::: Input :::
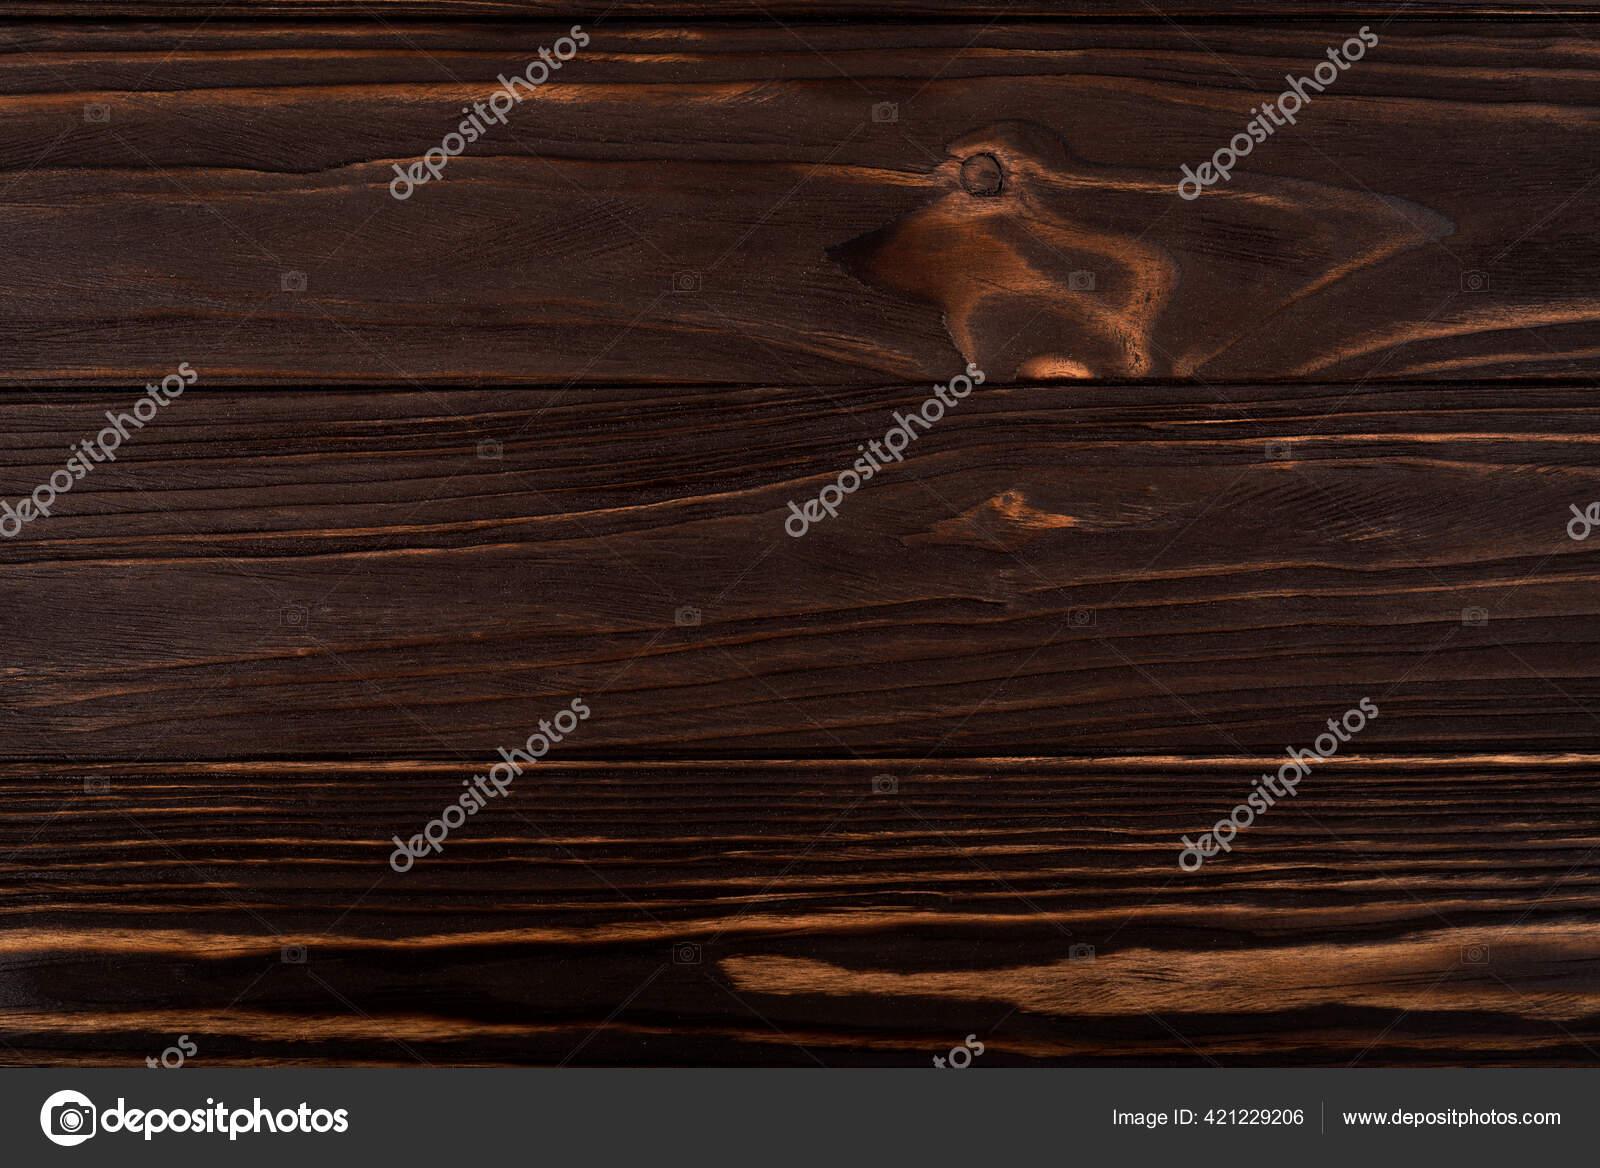 Texture Bois Surface Teck Fond Bois Fonce Pour Conception Decoration Image Libre De Droit Par Vandycandy C 421229206
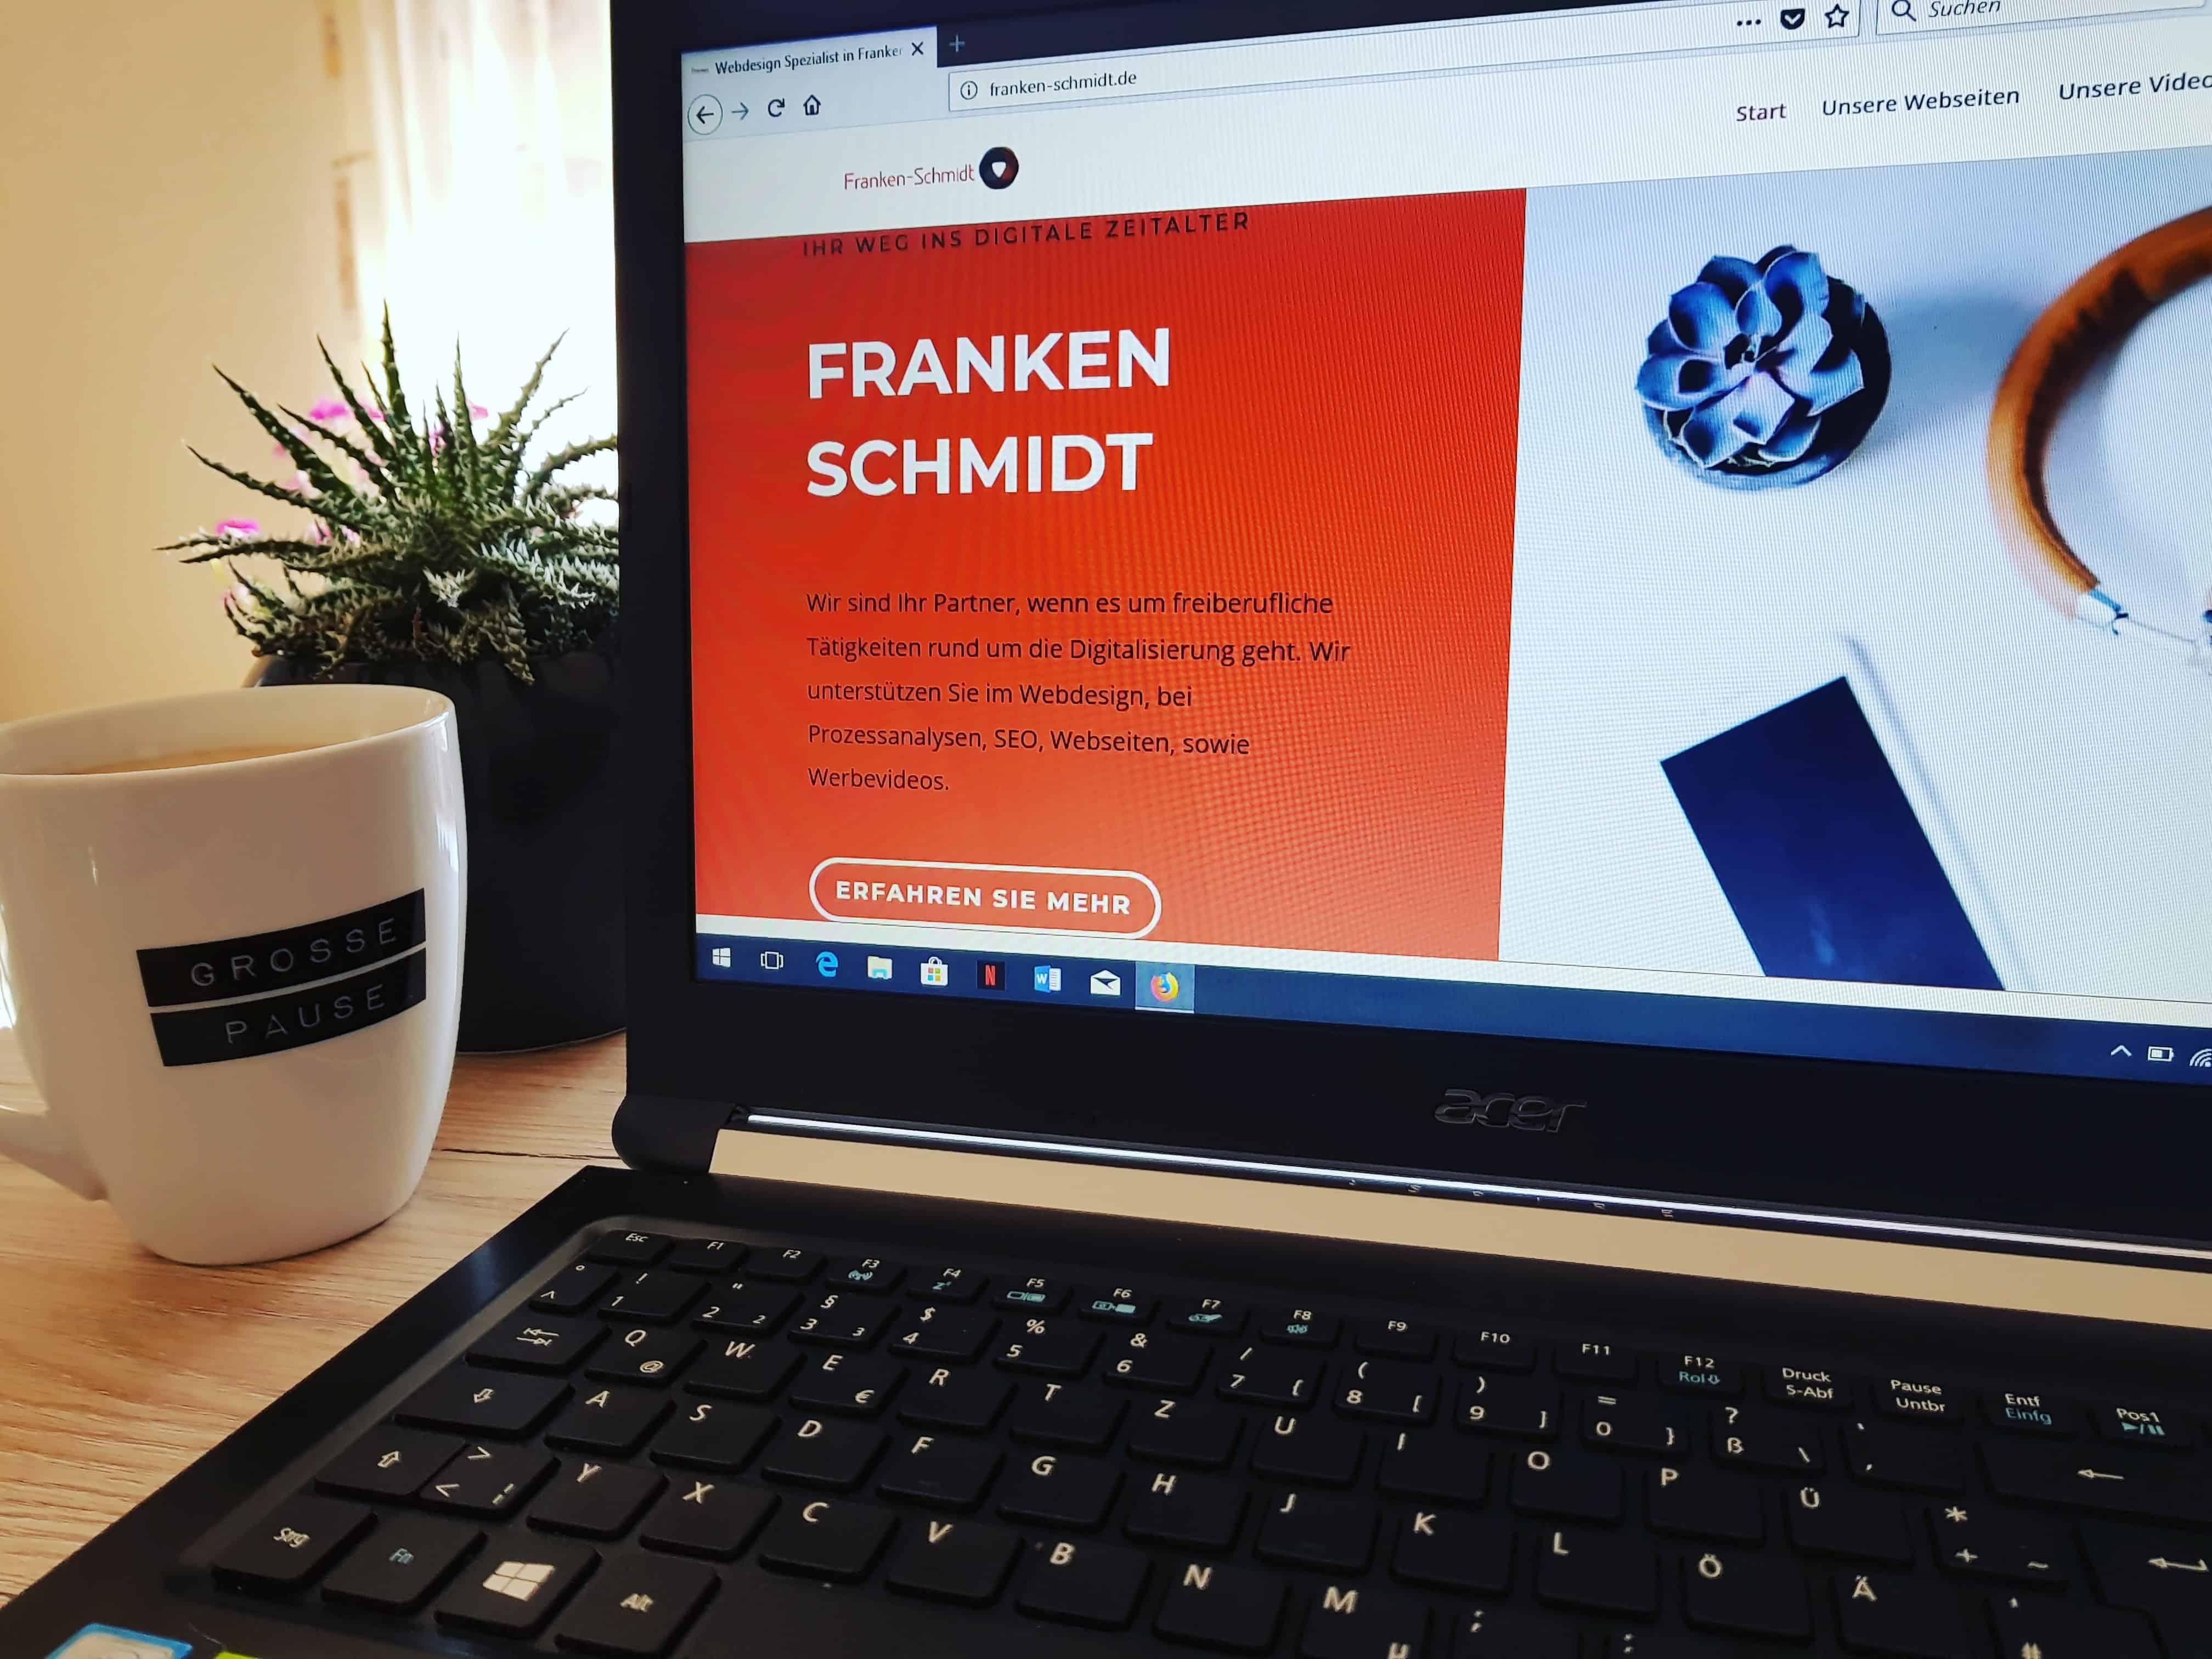 Franken-Schmidt bietet Werbevideos, Webseiten und vieles mehr!
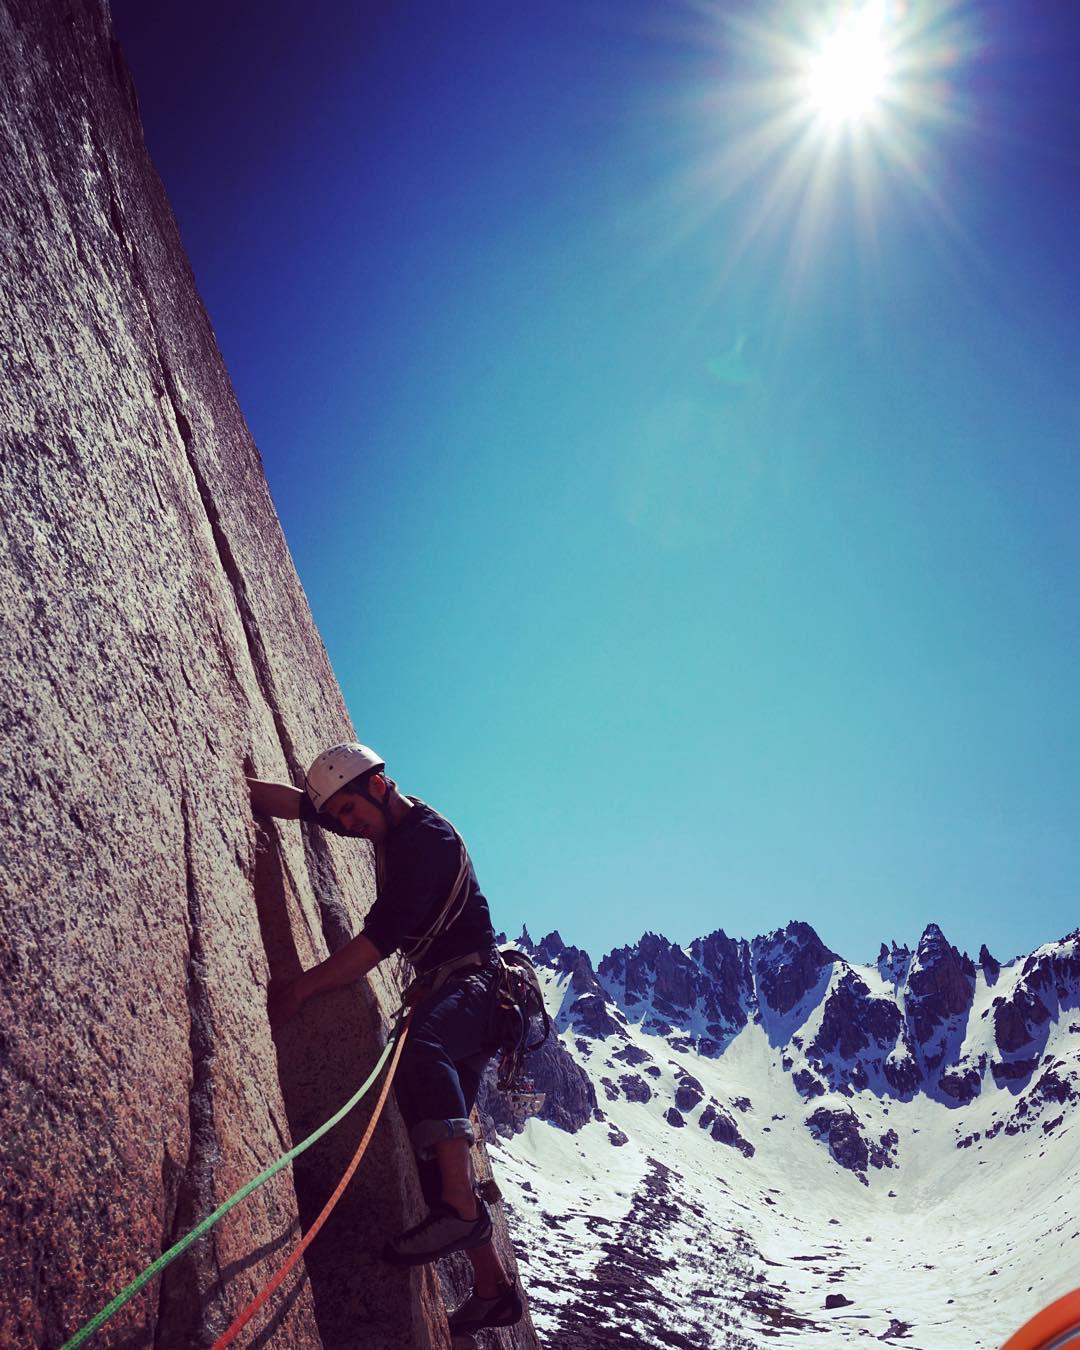 Escalando se la pasa bien, sensaciones únicas! Fisura de Jim #frey #patagonia
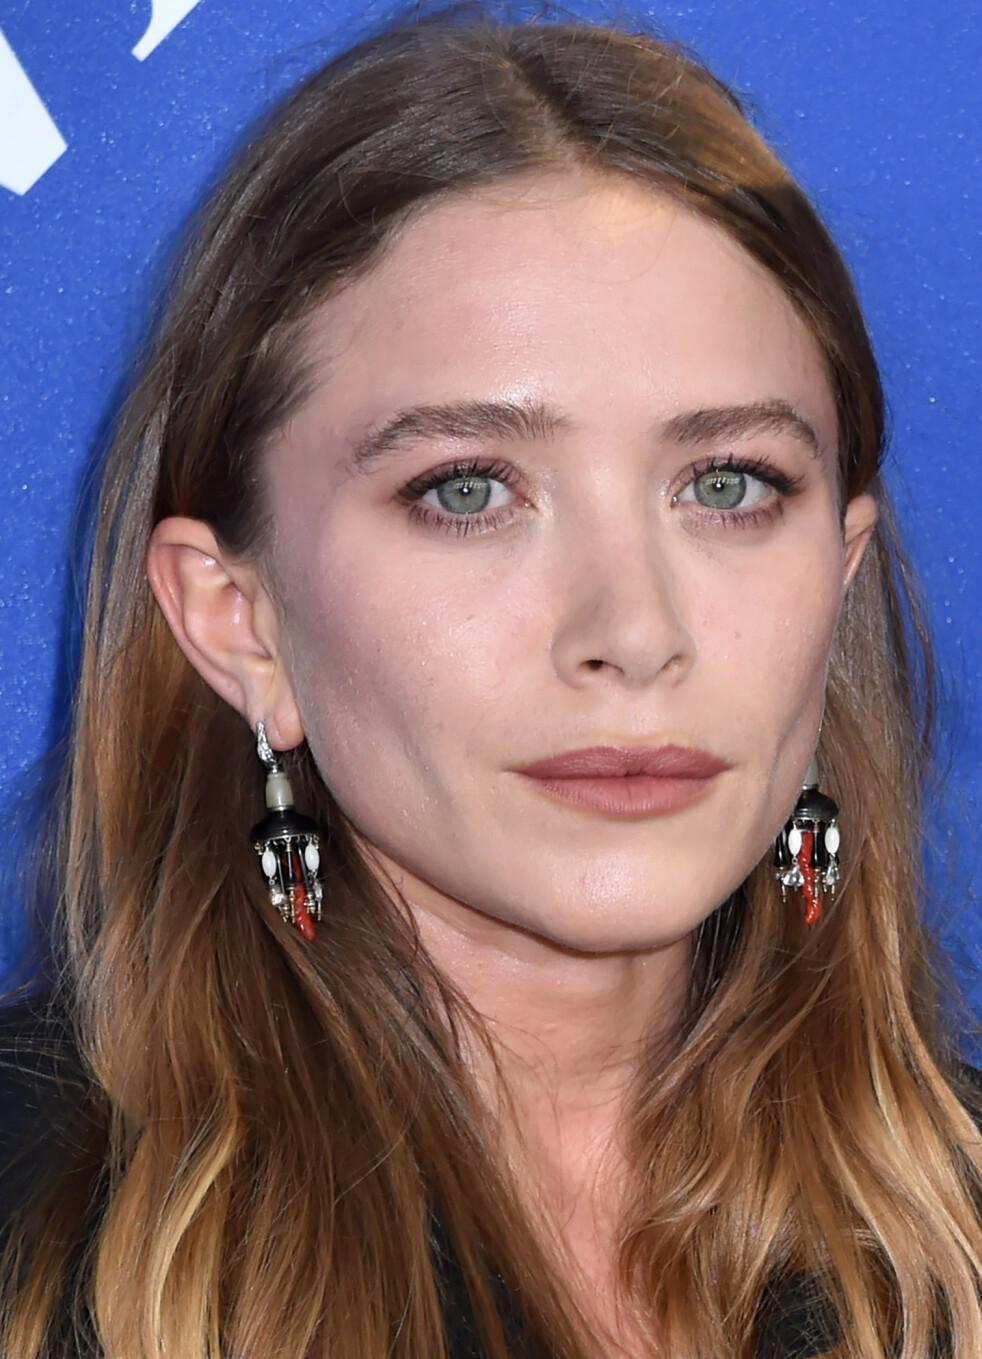 BEKYMRET: Mary-Kate Olsen har levert inn skilsmissebegjæring, men opplever humper i veien når det kommer til fordeling av eiendeler. FOTO: NTBScanpix
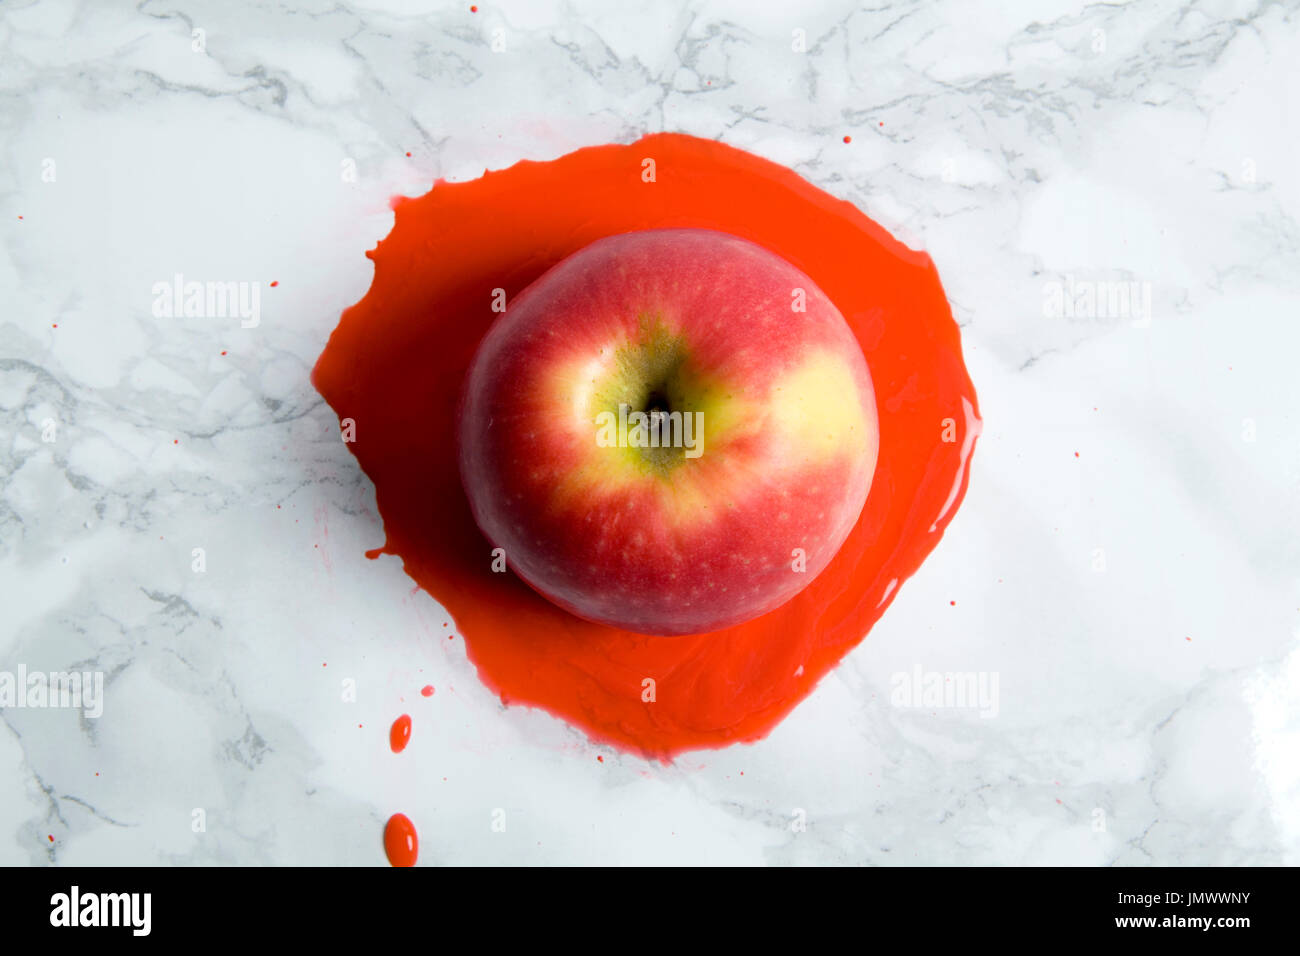 Un identifiant Apple sur une fusion en arrière-plan. couleur minimal still life photography Photo Stock
:::
From the first line to the last, set down the records exactly, leaving out images.

Exercise solution
 Texture Bois Surface Teck Fond Bois Fonce Pour Conception Decoration Image Libre De Droit Par Vandycandy C 421229206
 Franken-Schmidt bietet Werbevideos, Webseiten und vieles mehr!
 Escalando se la pasa bien, sensaciones únicas! Fisura de Jim #frey #patagonia
 BEKYMRET: Mary-Kate Olsen har levert inn skilsmissebegjæring, men opplever humper i veien når det kommer til fordeling av eiendeler. FOTO: NTBScanpix
 Un identifiant Apple sur une fusion en arrière-plan. couleur minimal still life photography Photo Stock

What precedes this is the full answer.